Data provided below:
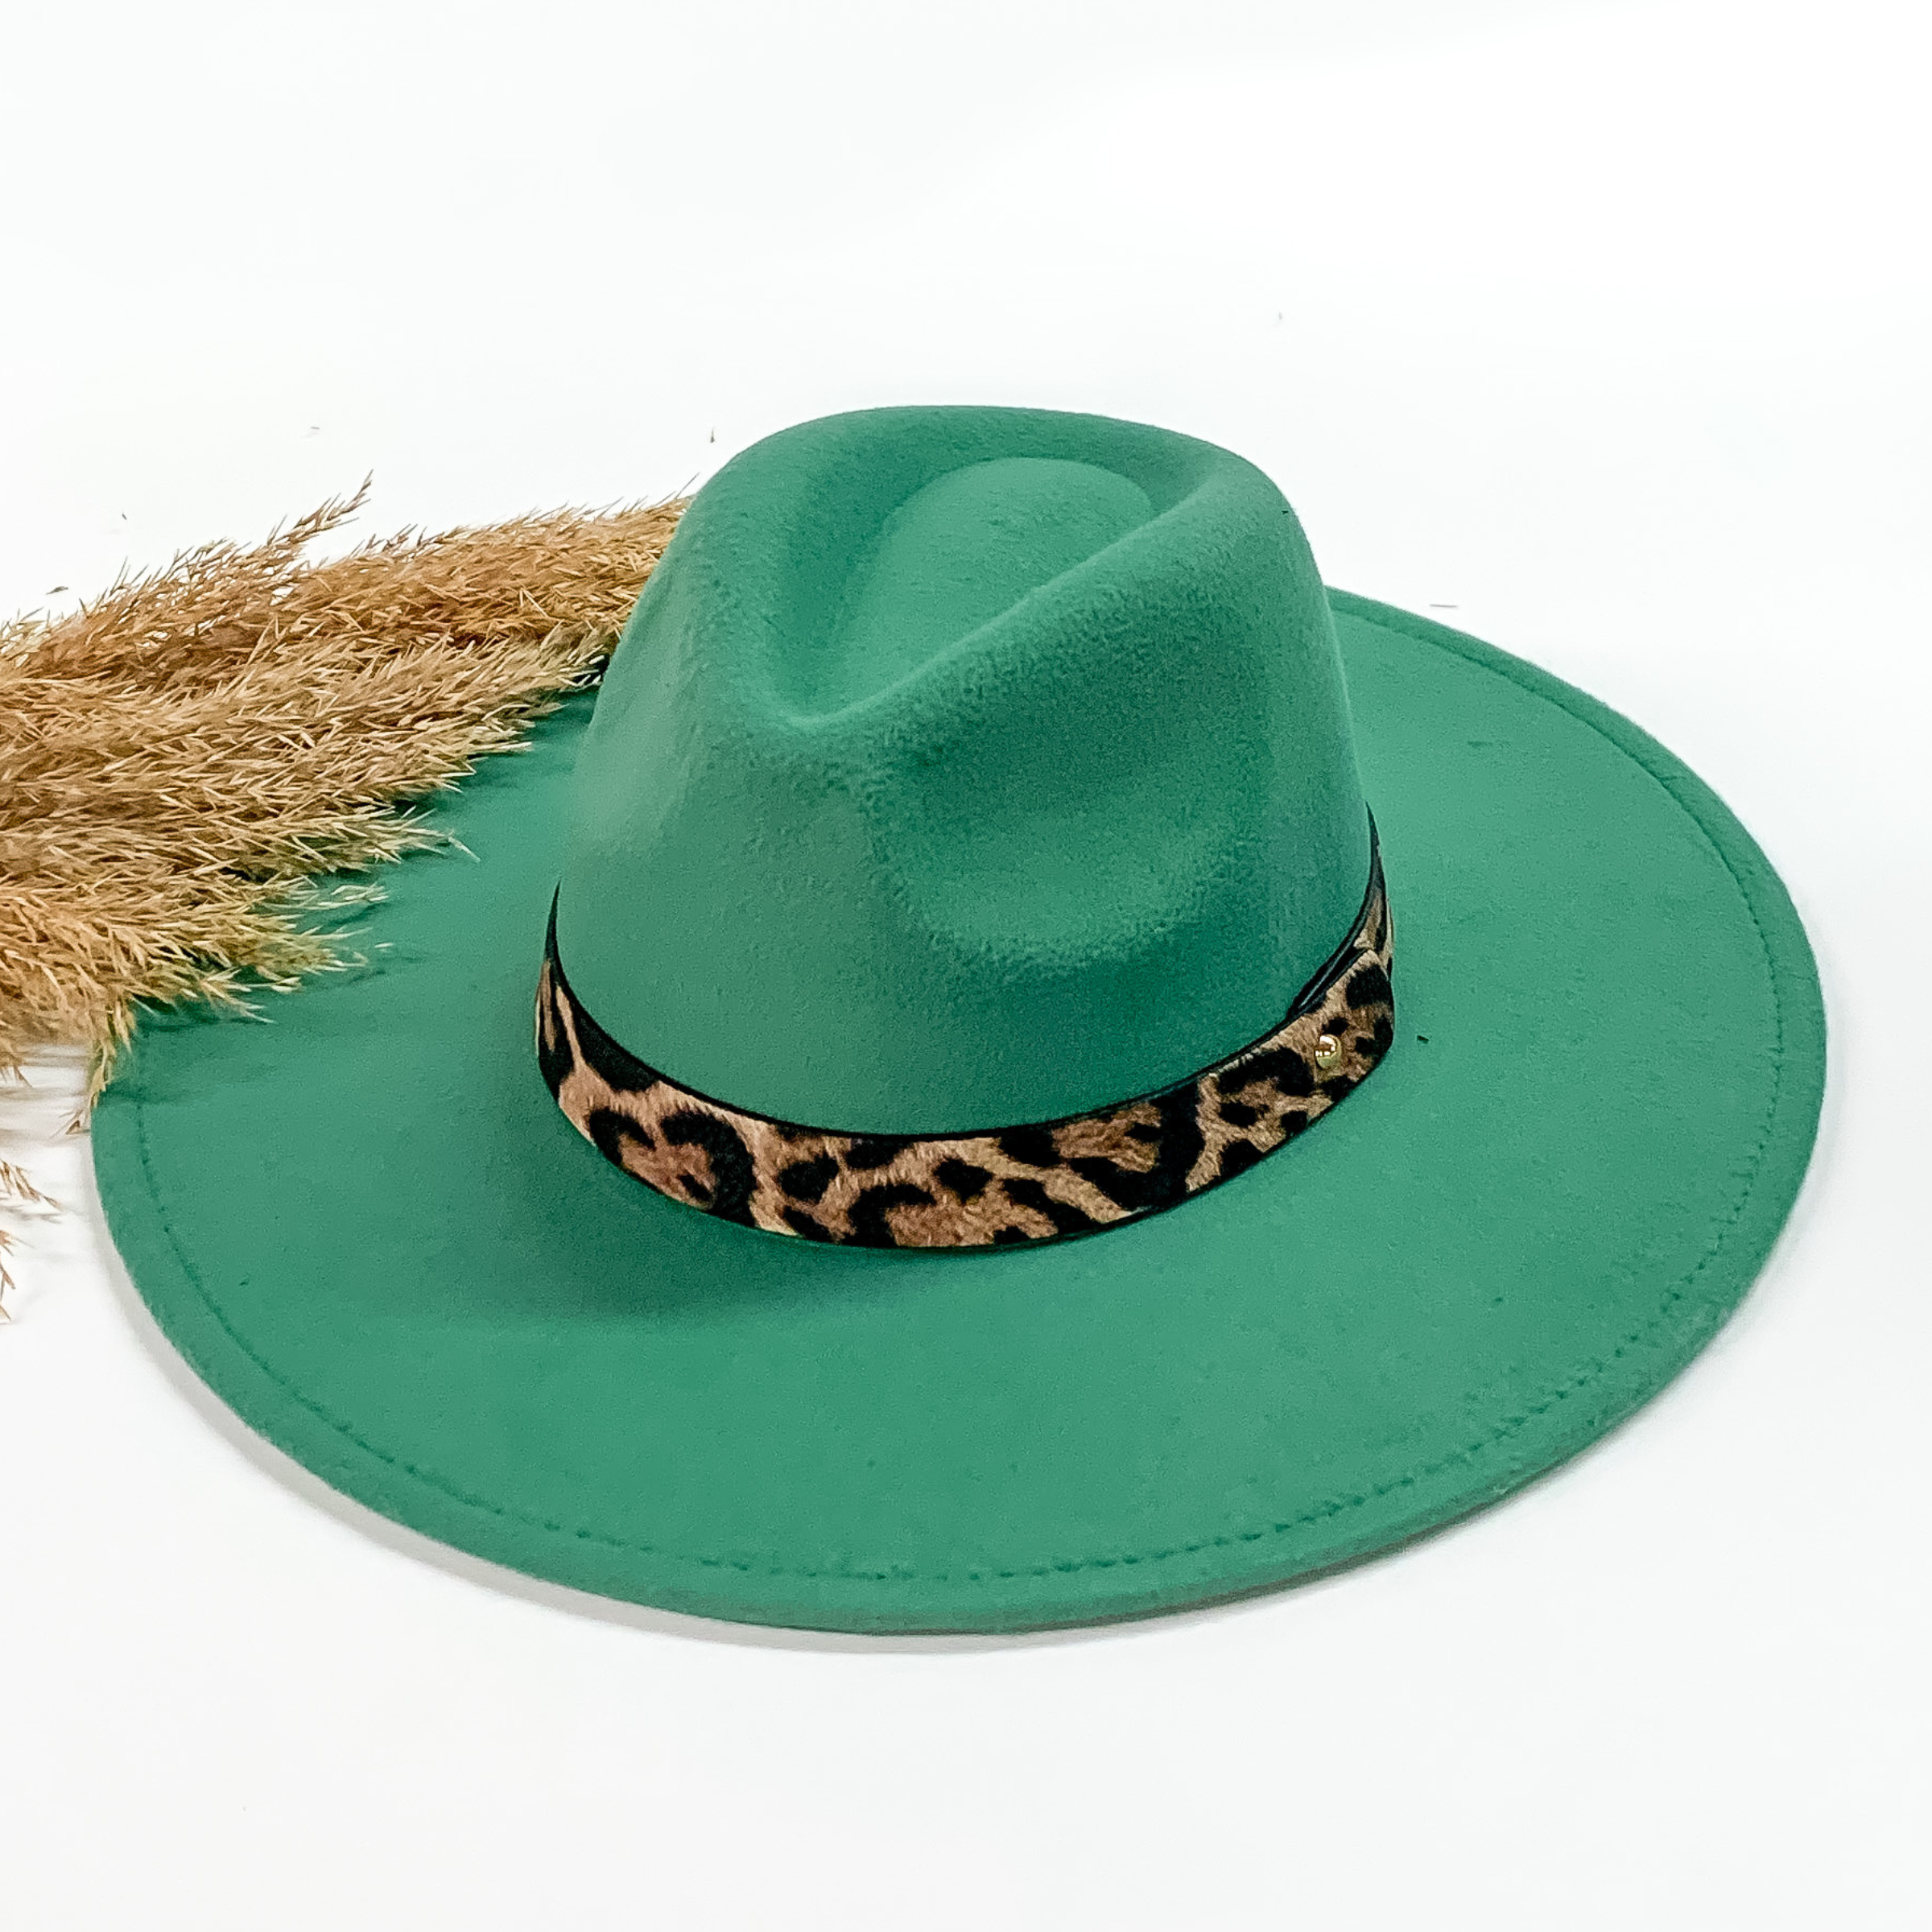 Turquoise faux felt hat with a leopard print hat band. This hat is pictured on a white background with tan pompous in the background.
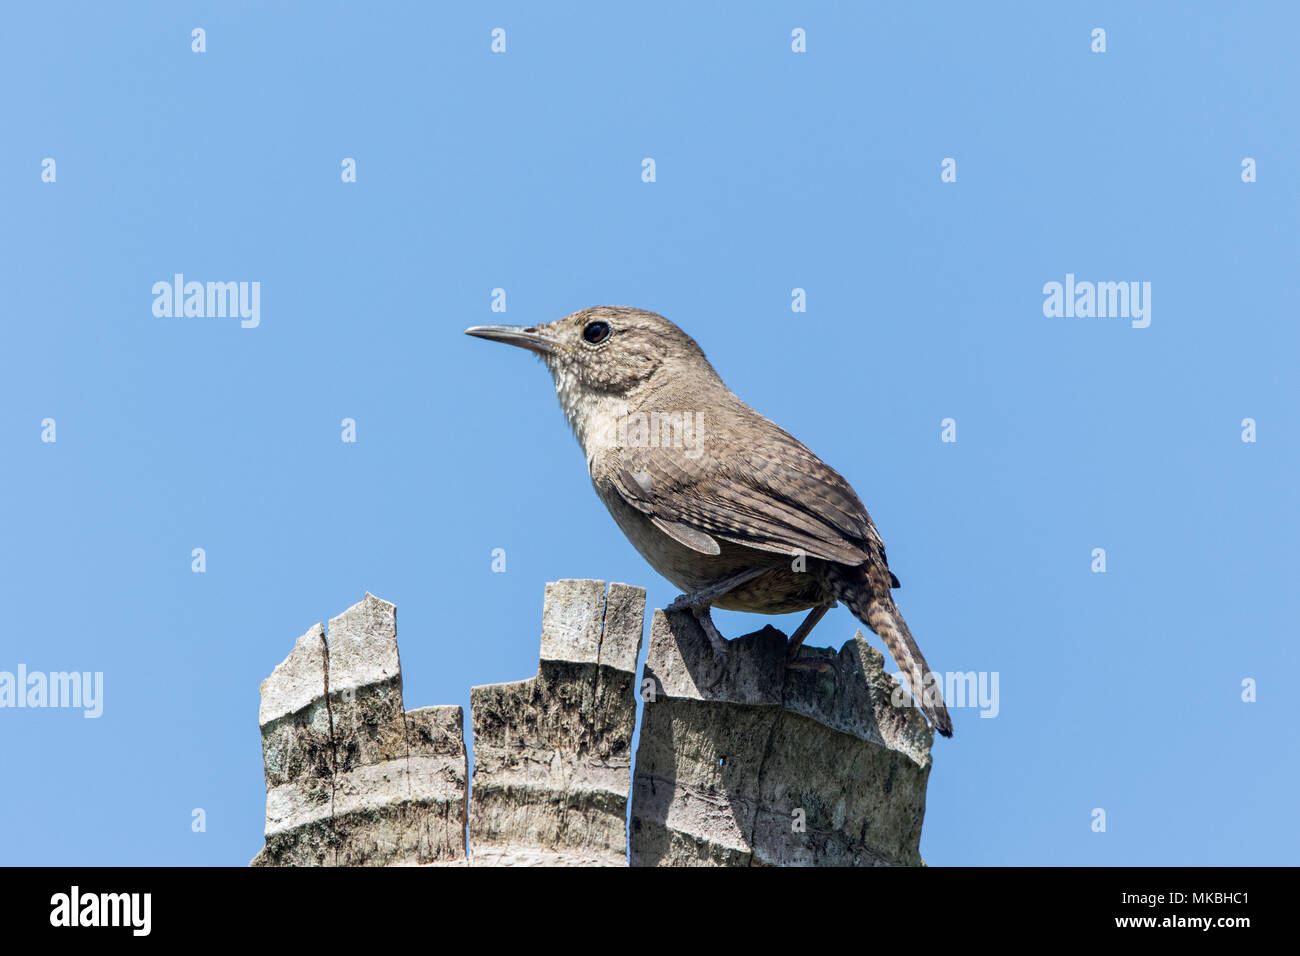 adult house wren Troglodytes aedon perched on dead palm tree, Costa Rica Stock Photo
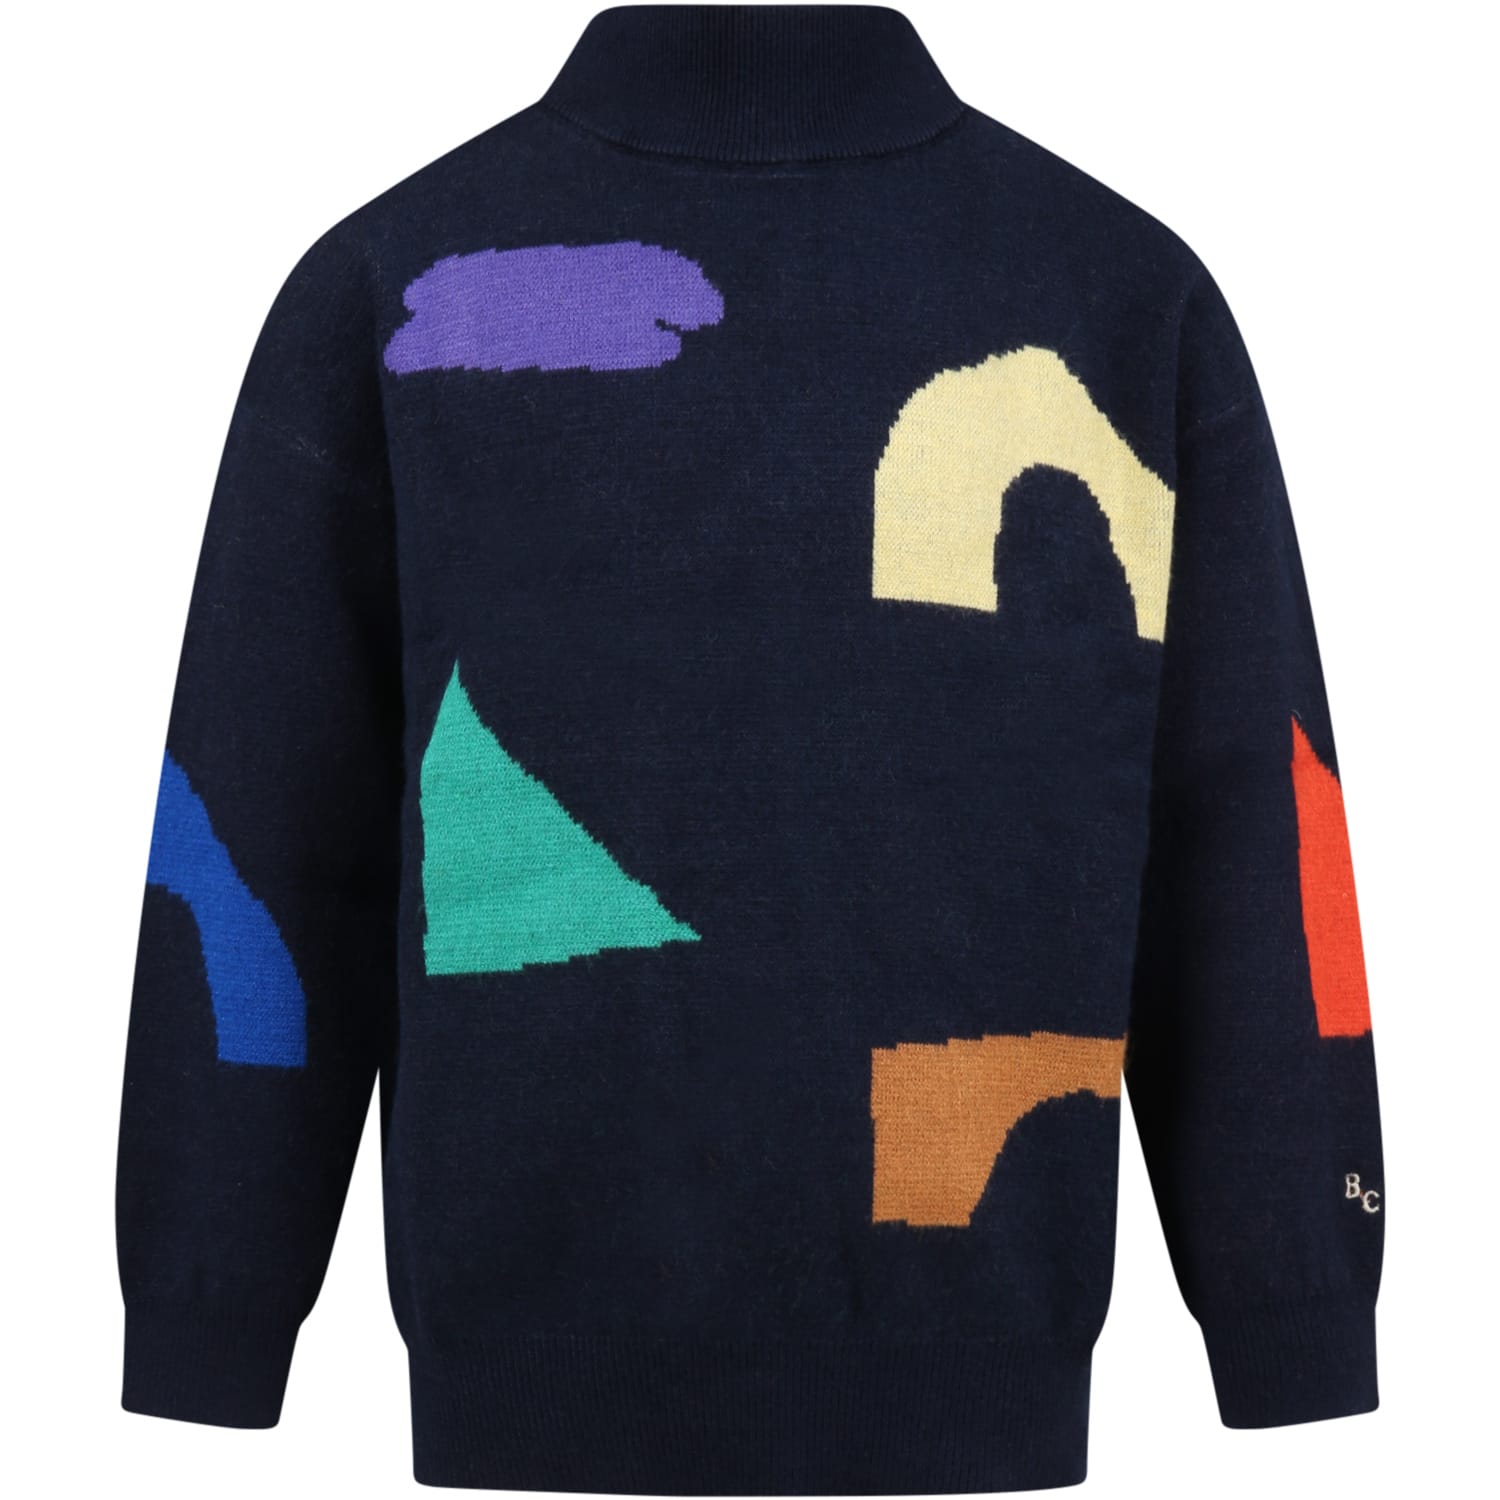 Bobo Choses Blue Turtleneck For Boy With Colorful Designs
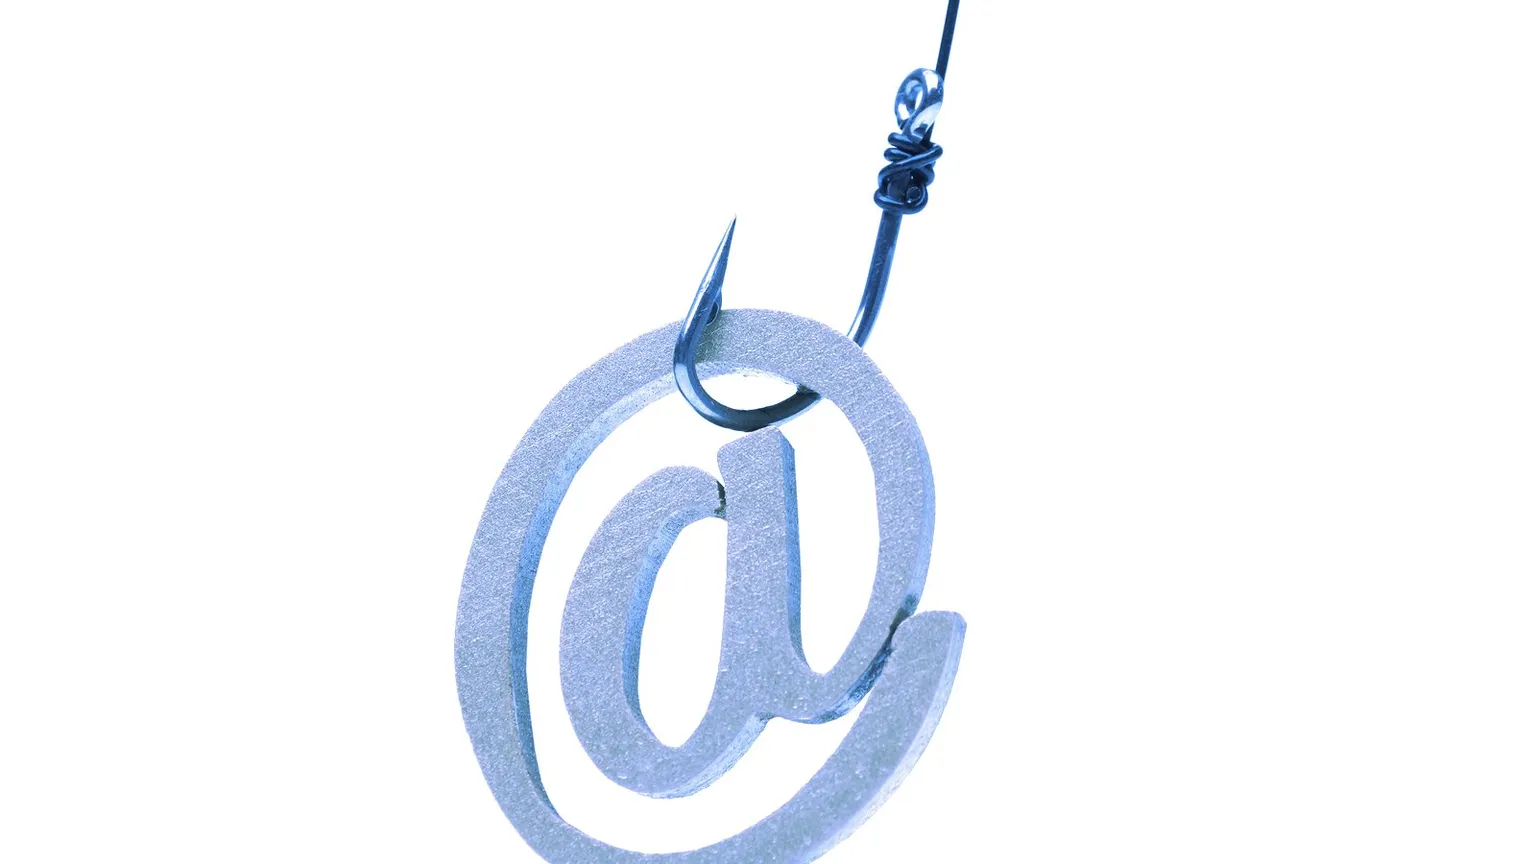 A fish hook with email sign. Image: Shutterstock
End of Data provided.
What you need to do: All of the lines above must be printed again exactly, and no picture may appear in the copy.

Task solution:
 Turquoise faux felt hat with a leopard print hat band. This hat is pictured on a white background with tan pompous in the background.
 adult house wren Troglodytes aedon perched on dead palm tree, Costa Rica Stock Photo
 Bobo Choses Blue Turtleneck For Boy With Colorful Designs
 A fish hook with email sign. Image: Shutterstock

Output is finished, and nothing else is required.